Yeah, the only times I bother building all-Arctic cities is if they are very lucky in terms of special resources. If they have multiple seafood and/or deer tiles they can grow to useful size. Also, sometimes one has to live with one poorly-situated city to secure access to important strategic resources.
 
Not sure about the Earth scenario, but once I went to the absolute extreme and build a city on total complete ice (forgot the exact terrain that allowed me to even do that) just to work an oil tile. But it was oil, which allowed me to build tanks!!
 
I wouldn't build a crappy tundra city just to chop an army out of it, that would cost you quite a lot in maintenance depending on the civics and distance to your palace. That is unless you could chop some units then gift it away...
 
I've just been playing the earth 1000 scenario as Russia. I found the tundra in Siberia to be pretty much habitable, at least in the modern era after biology. A LOT of those tundra squares are next to rivers, meaning that you can farm or cottage them.

I haven't studied the ones in Canada.
 
There is no such thing as a tundra forest. A contradiction in terms.

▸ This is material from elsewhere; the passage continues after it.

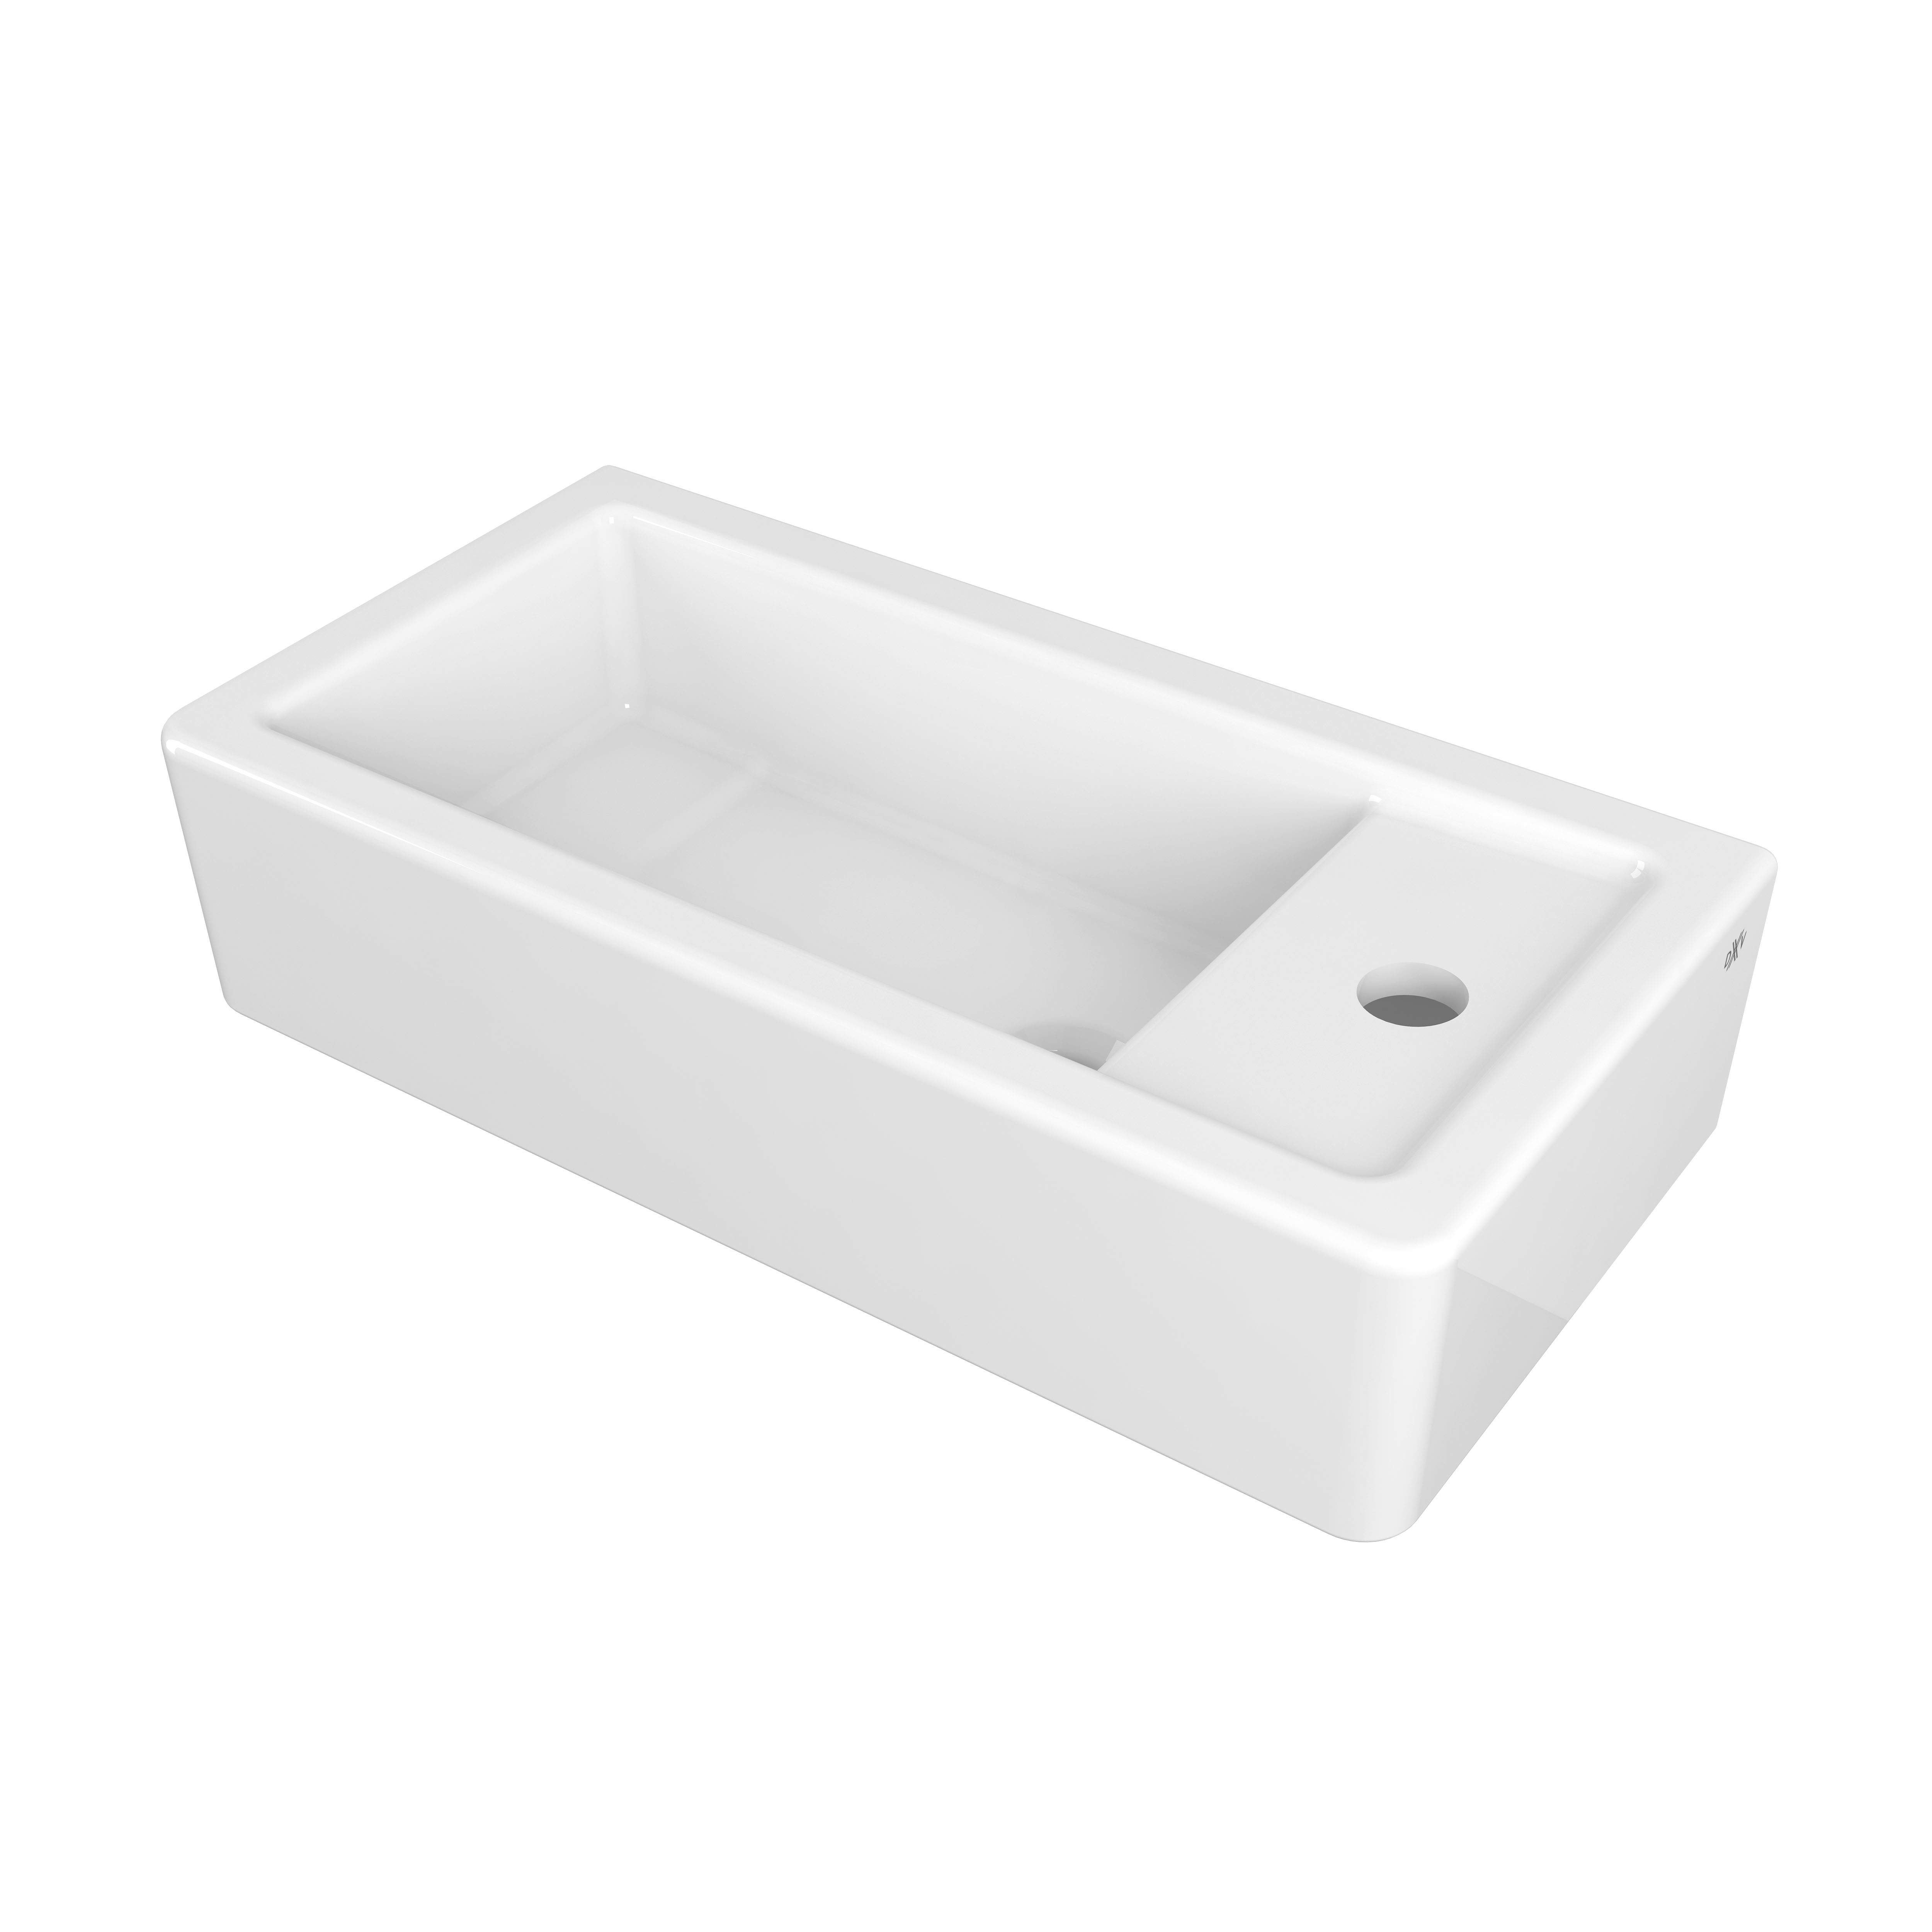 Cossu 20 in. Wall Hung Bathroom Sink, Single Hole with Right Hand Drain

I would have thought that Firaxis would have known better. Apparently not.
 
Incense on desert, oil in desert or ice, silver and fur on tundra far away from rivers. You keep tundra cities, but obviously you don't build empires around them.
 
I wouldn't build a crappy tundra city just to chop an army out of it, that would cost you quite a lot in maintenance depending on the civics and distance to your palace. That is unless you could chop some units then gift it away...

if the maintenance is that high, you can chop a courthouse ;)
Or better, leave the city to barbs.
 
There is no such thing as a tundra forest.

Good you noticed that. I guess Firaxis meant taiga or something like that...
 
If you can get 1 sea food and deer or place it along a river or lake after biology they can be useful as secondary production cities making your missionaries (and pay maintence back that way), cheap interior defensive units (especially the with hareditary rule), naval units (I never want to build transports when I could be building tanks, but that might just be me), bombers (they can be instantly rebased, so completion time is less of an issue), and other low-production items. They're also useful for building anything you need a certain number of before building something else such as temples for cathedrals or one more theater so you can squeeze shakespear's theater somewhere.

The biggest reason of all though: If you don't build a city there, the AI eventually will, and murphy's law preaty much guarentees that the civ that does will be creative, one tile away from your cultural boarders, and someone you can't declare on. :mad:
 
@Lone Wolf.

In their defence, the game mechanics do make this difficult. In civ, a forest is an overlay on a tile while in real life tundra and taiga are two completely different things. I'm not sure how I would have handled it either.
 
if the maintenance is that high, you can chop a courthouse ;)
Or better, leave the city to barbs.[/QUOTE]

If the city was a keeper because it had long term potential or it claimed a resource or two then I'd consider chopping a courthouse, but if it was purely to chop an army out then i'd rather have a mace, but then you'd want chop a barracks, unless you want MP units then i wouldn't bother

Or better, leave the city to barbs.

good idea, unless you have the great wall. :lol: Although I'd like the idea of giving the city away to a distant civ, let them pay the maintenance.